--- Available data ---
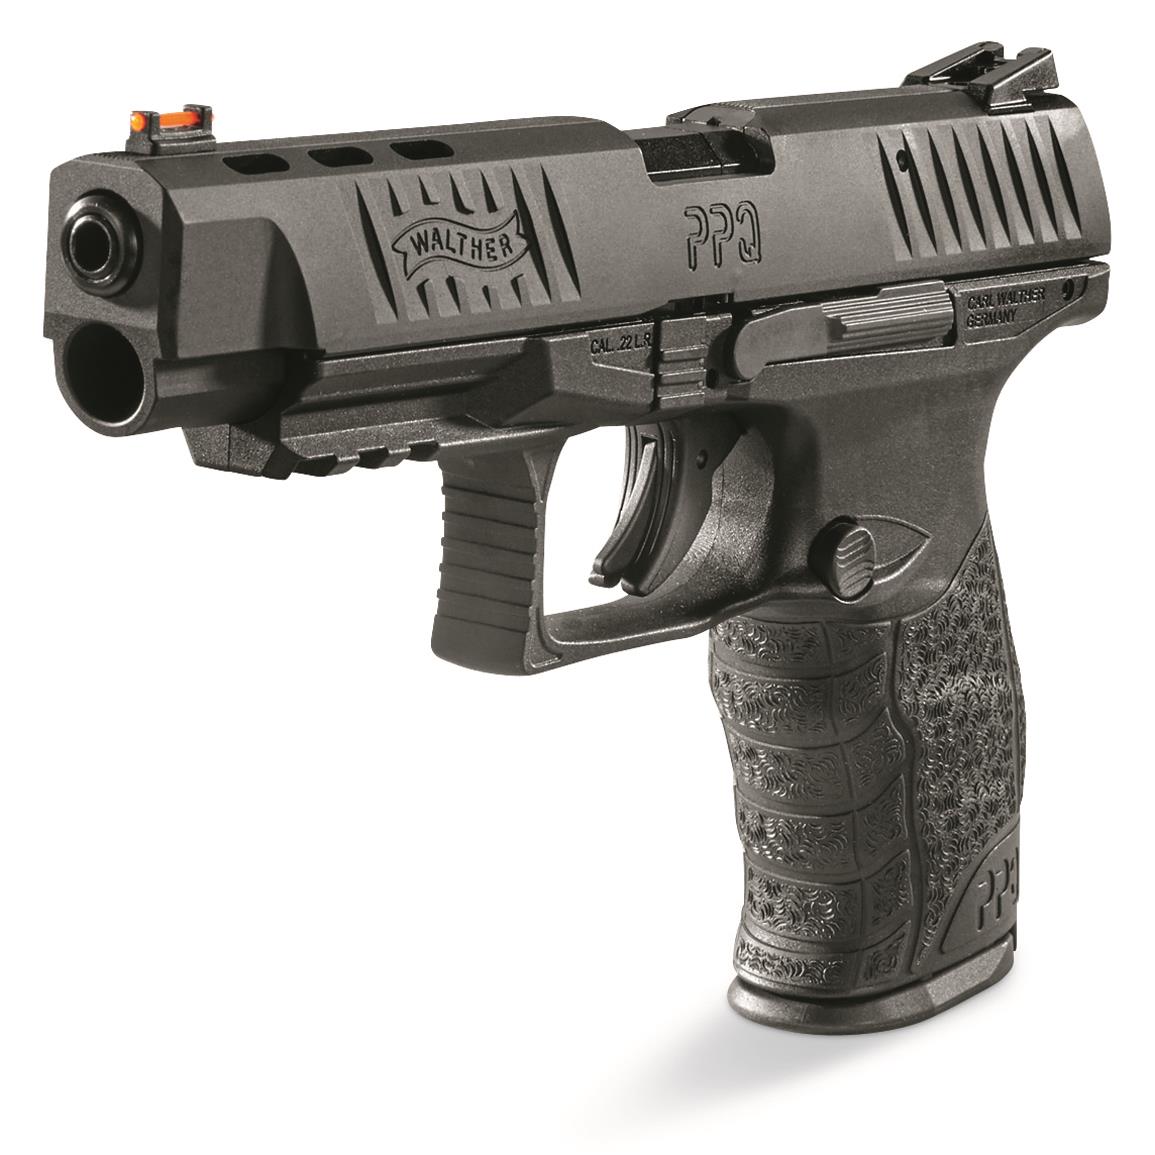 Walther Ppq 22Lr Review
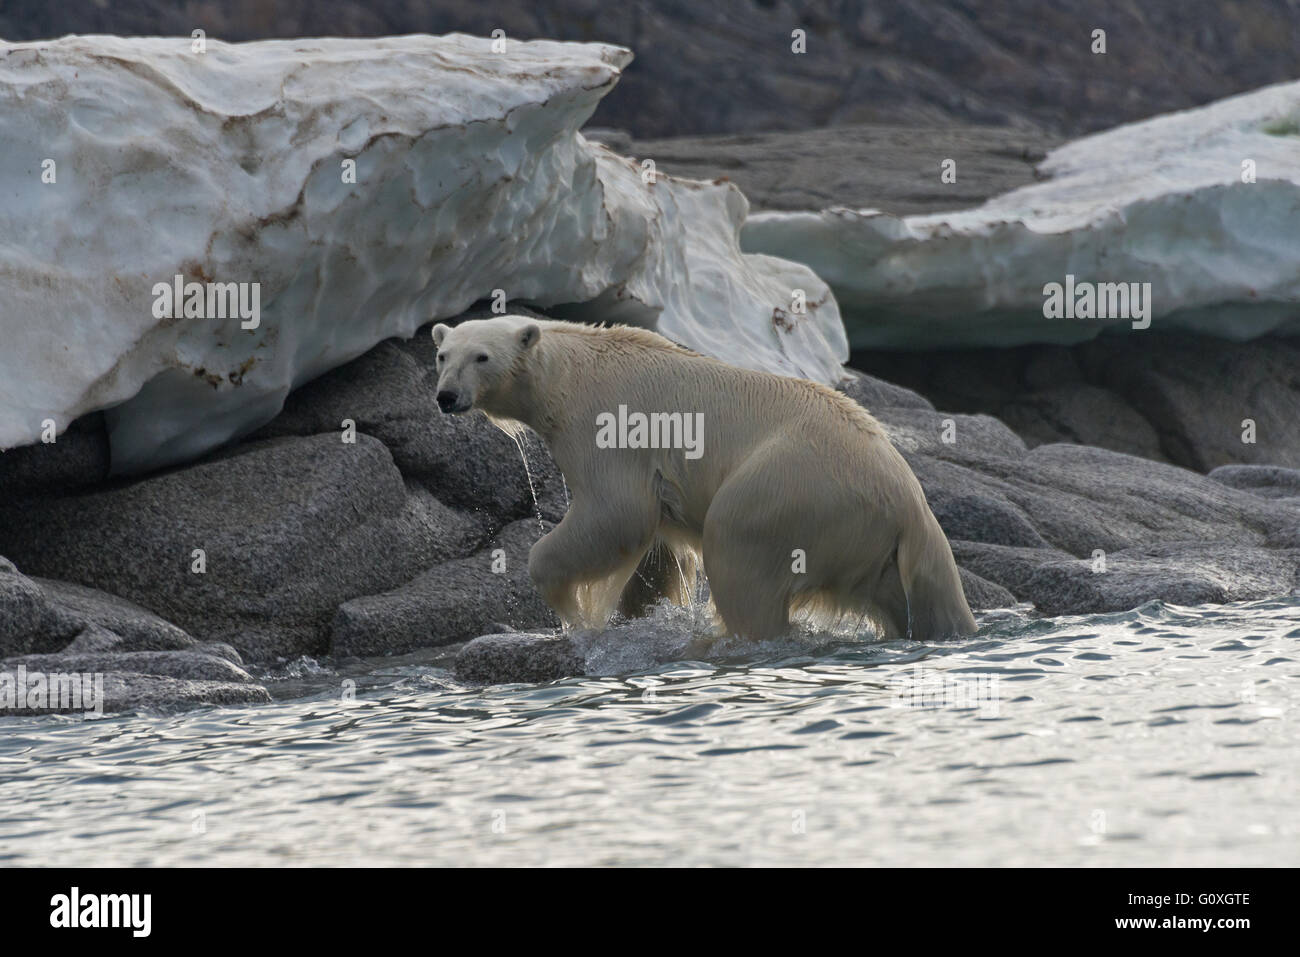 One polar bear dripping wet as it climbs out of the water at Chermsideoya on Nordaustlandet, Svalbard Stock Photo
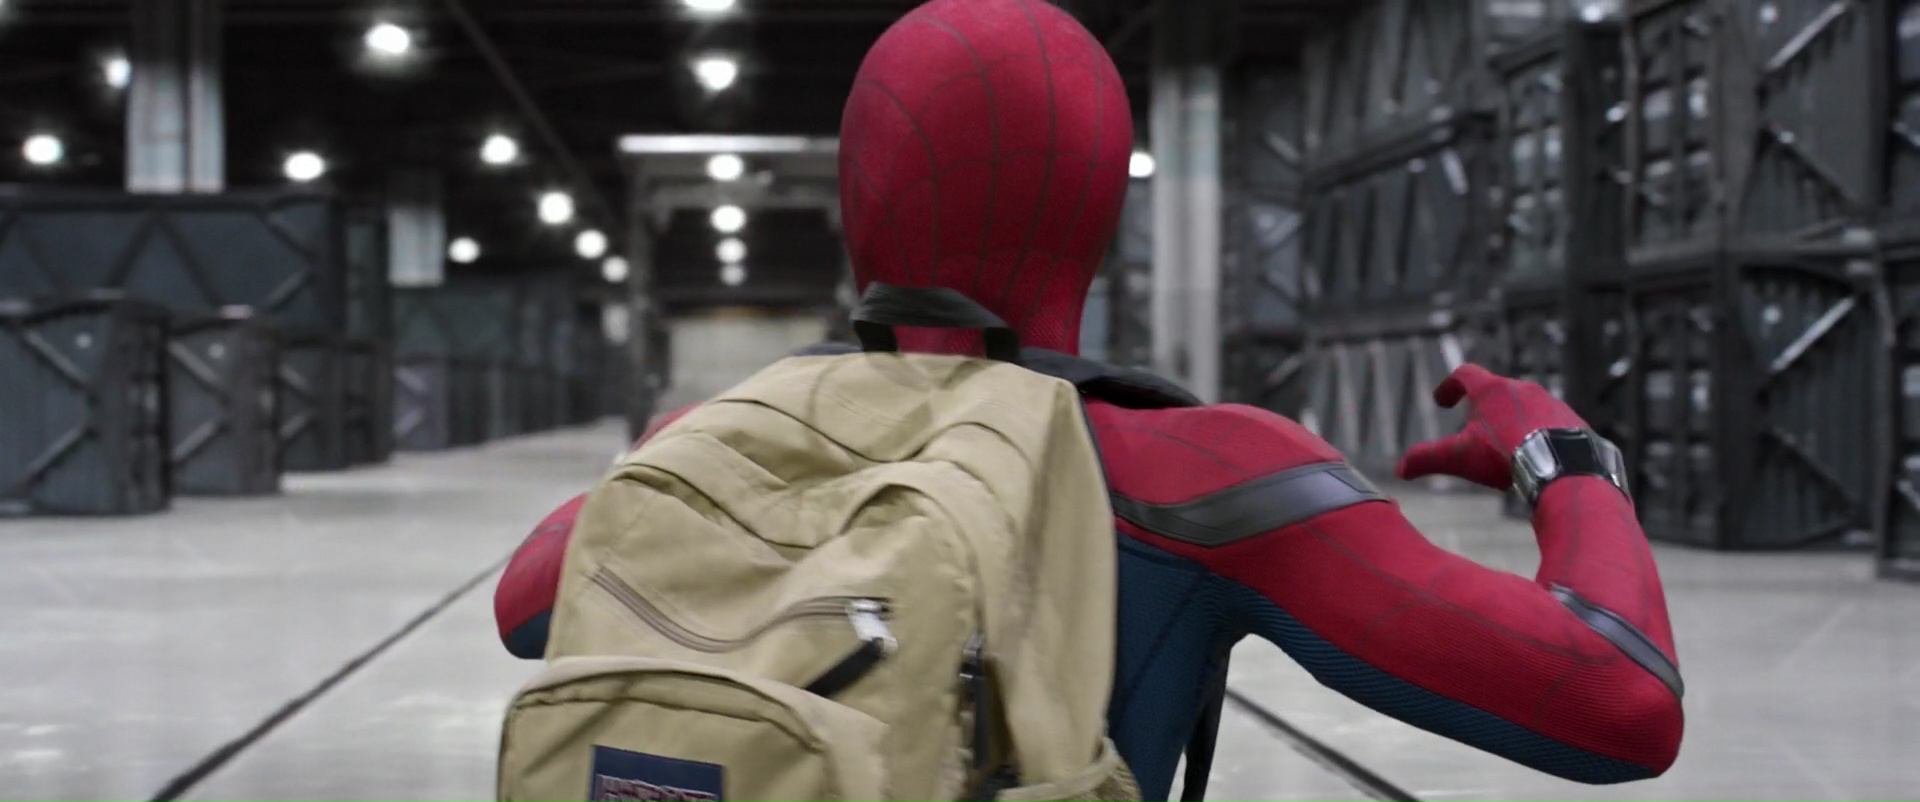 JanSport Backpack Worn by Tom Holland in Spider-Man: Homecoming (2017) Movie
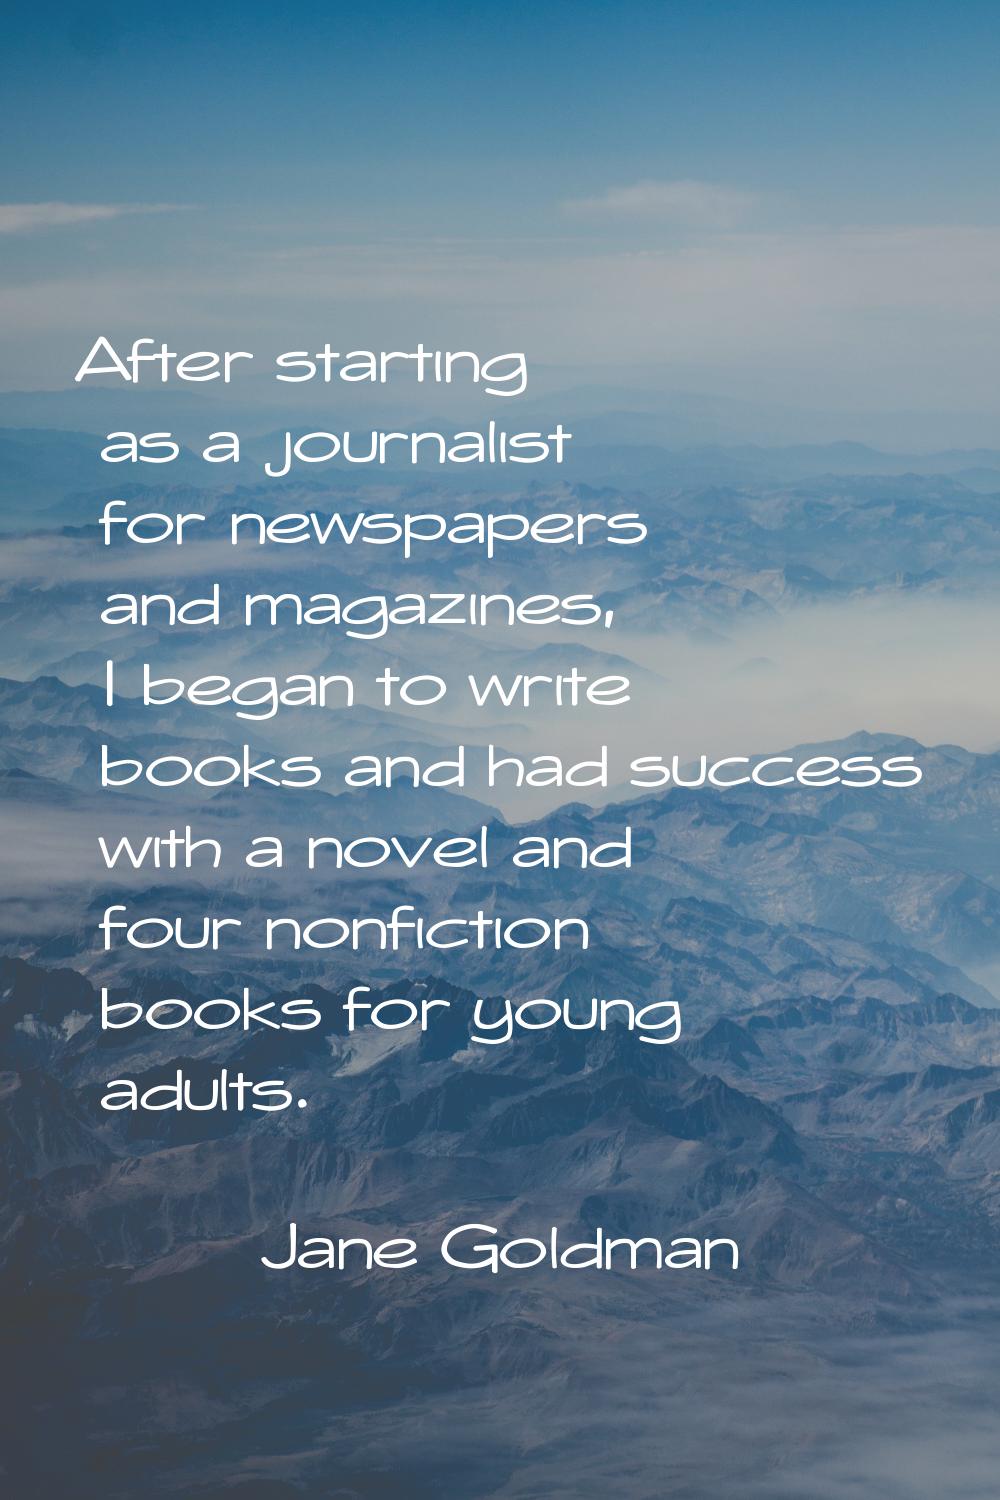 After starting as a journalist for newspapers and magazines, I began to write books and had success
---
## [What you are asked to do]
Copy out the data verbatim, excluding the pictures.

## [Answer]
 Walther Ppq 22Lr Review
 One polar bear dripping wet as it climbs out of the water at Chermsideoya on Nordaustlandet, Svalbard Stock Photo
 JanSport Backpack Worn by Tom Holland in Spider-Man: Homecoming (2017) Movie
 After starting as a journalist for newspapers and magazines, I began to write books and had success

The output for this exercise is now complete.